1\section{Some other topics}
2\label{section:more}
3\setcounter{footnote}{0}
4
5\subsection{How do I cite Infernal?}
6
7If you'd like to cite a paper, please cite the Infernal 1.1 application
8note in \emph{Bioinformatics}:
9
10Infernal 1.1: 100-fold faster RNA homology searches.
11EP Nawrocki and SR Eddy.
12Bioinformatics, 29:2933-2935, 2013.
13
14The most appropriate citation is to the web site,
15\url{http://eddylab.org/infernal/}. You should also cite what version
16of the software you used. We archive all old versions, so anyone
17should be able to obtain the version you used, when exact
18reproducibility of an analysis is an issue.
19
20The version number is in the header of most output files. To see it
21quickly, do something like \prog{cmscan -h} to get a help page, and
22the header will say:
23
24\begin{sreoutput}
25# cmscan :: search sequence(s) against a CM database
26# INFERNAL 1.1.3 (November 2019)
27# Copyright (C) 2019 Howard Hughes Medical Institute.
28# Freely distributed under the BSD open source license.
29# - - - - - - - - - - - - - - - - - - - - - - - - - - - - - - - - - - - -
30\end{sreoutput}
31
32So (from the second line there) this is from Infernal 1.1.3.
33
34\subsection{How do I report a bug?}
35
36Email us, at \url{eric.nawrocki@nih.gov}.
37
38Before we can see what needs fixing, we almost always need to
39reproduce a bug on one of our machines. This means we want to have a
40small, reproducible test case that shows us the failure you're seeing.
41So if you're reporting a bug, please send us:
42
43\begin{itemize}
44 \item A brief description of what went wrong.
45 \item The command line(s) that reproduce the problem.
46 \item Copies of any files we need to run those command lines.
47 \item Information about what kind of hardware you're on, what
48   operating system, and (if you compiled the software yourself rather
49   than running precompiled binaries), what compiler and version you
50   used, with what configuration arguments.
51\end{itemize}
52
53Depending on how glaring the bug is, we may not need all this
54information, but any work you can put into giving us a clean
55reproducible test case doesn't hurt and often helps.
56
57The information about hardware, operating system, and compiler is
58important.
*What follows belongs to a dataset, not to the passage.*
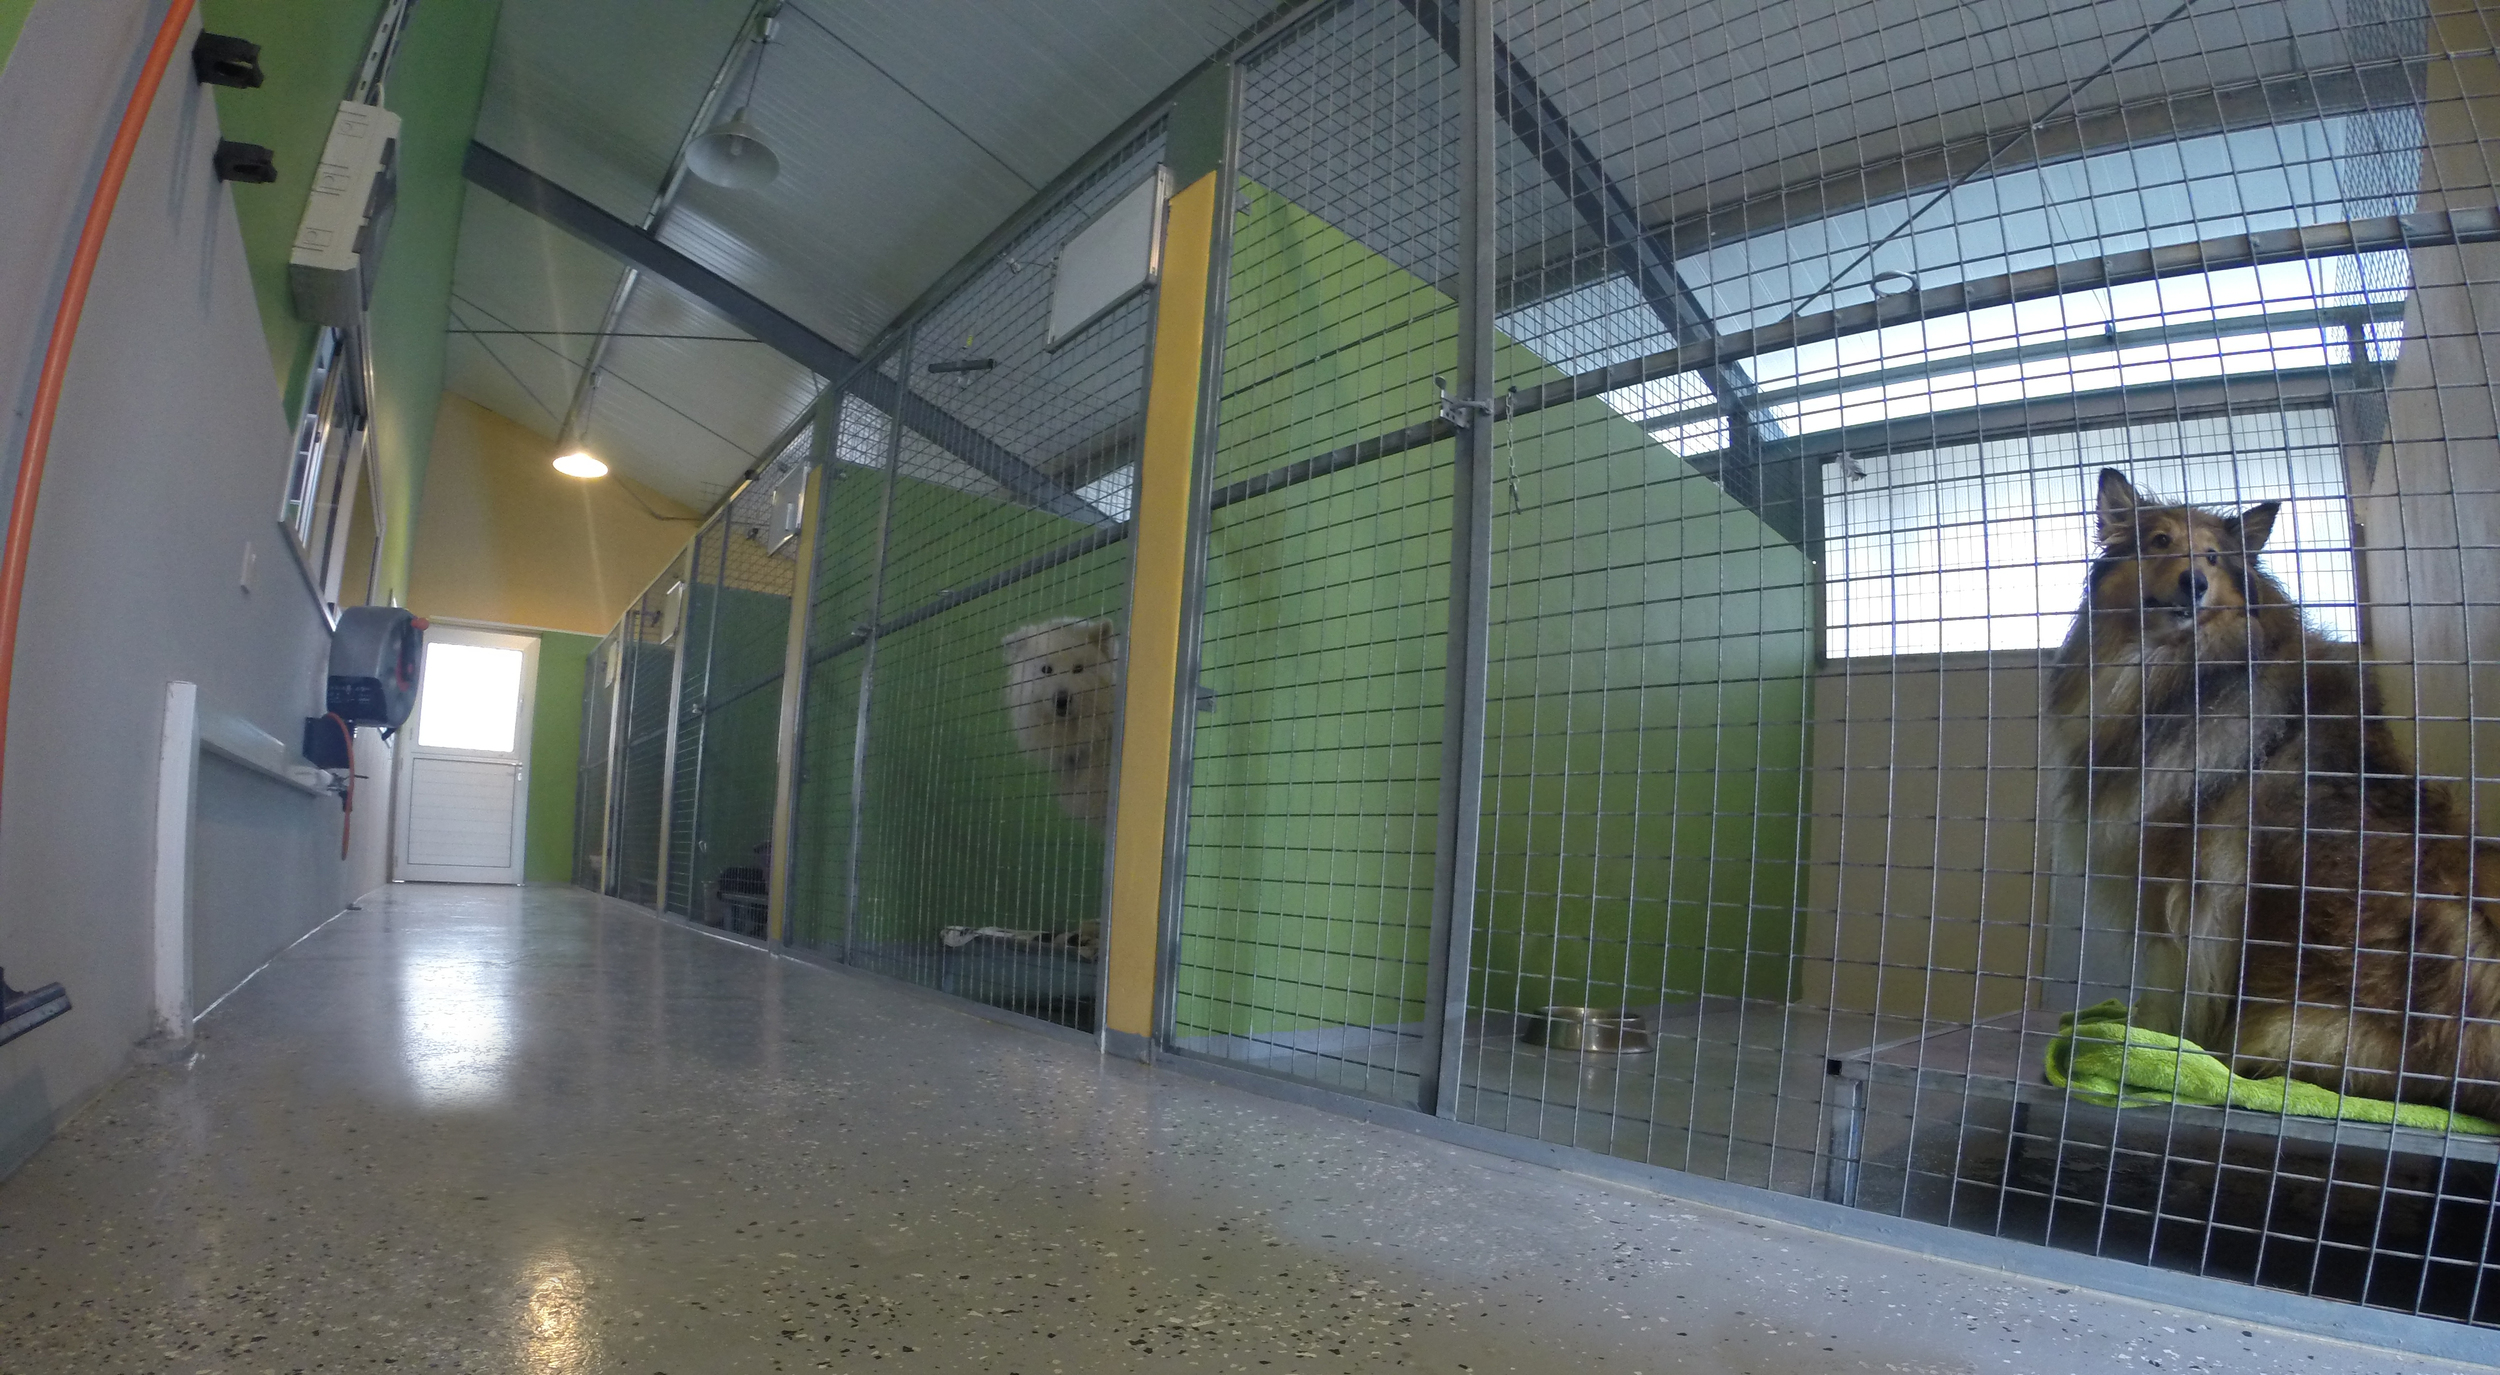 Dog Ranch | Cyprus Dog Hotel | Indoor Boarding Kennels

Bugs are frequently specific to particular configurations
59of hardware/OS/compiler.  We have a wide variety of systems available
60for trying to reproduce bugs, and we'll try to match your system as
61closely as we can.
62
63If you first see a problem on some huge compute (like running a
64zillion query sequence over a huge profile database), it will really,
65really help us if you spend a bit of time yourself trying to isolate
66whether the problem really only manifests itself on that huge compute,
67or if you can isolate a smaller test case for us. The ideal bug report
68(for us) gives us everything we need to reproduce your problem in one
69email with at most some small attachments.
70
71Remember, we're not a company with dedicated support staff -- we're a
72small lab of busy researchers like you. Somebody here is going to drop
73what they're doing to try to help you out. Try to save us some time,
74and we're more likely to stay in our usual good mood.
75
76If we're in our usual good mood, we'll reply quickly.  We'll probably
77tell you we fixed the bug in our development code, and that the fix
78will appear in the next Infernal release. This of course doesn't help you
79much, since nobody knows when the next Infernal release is going to be.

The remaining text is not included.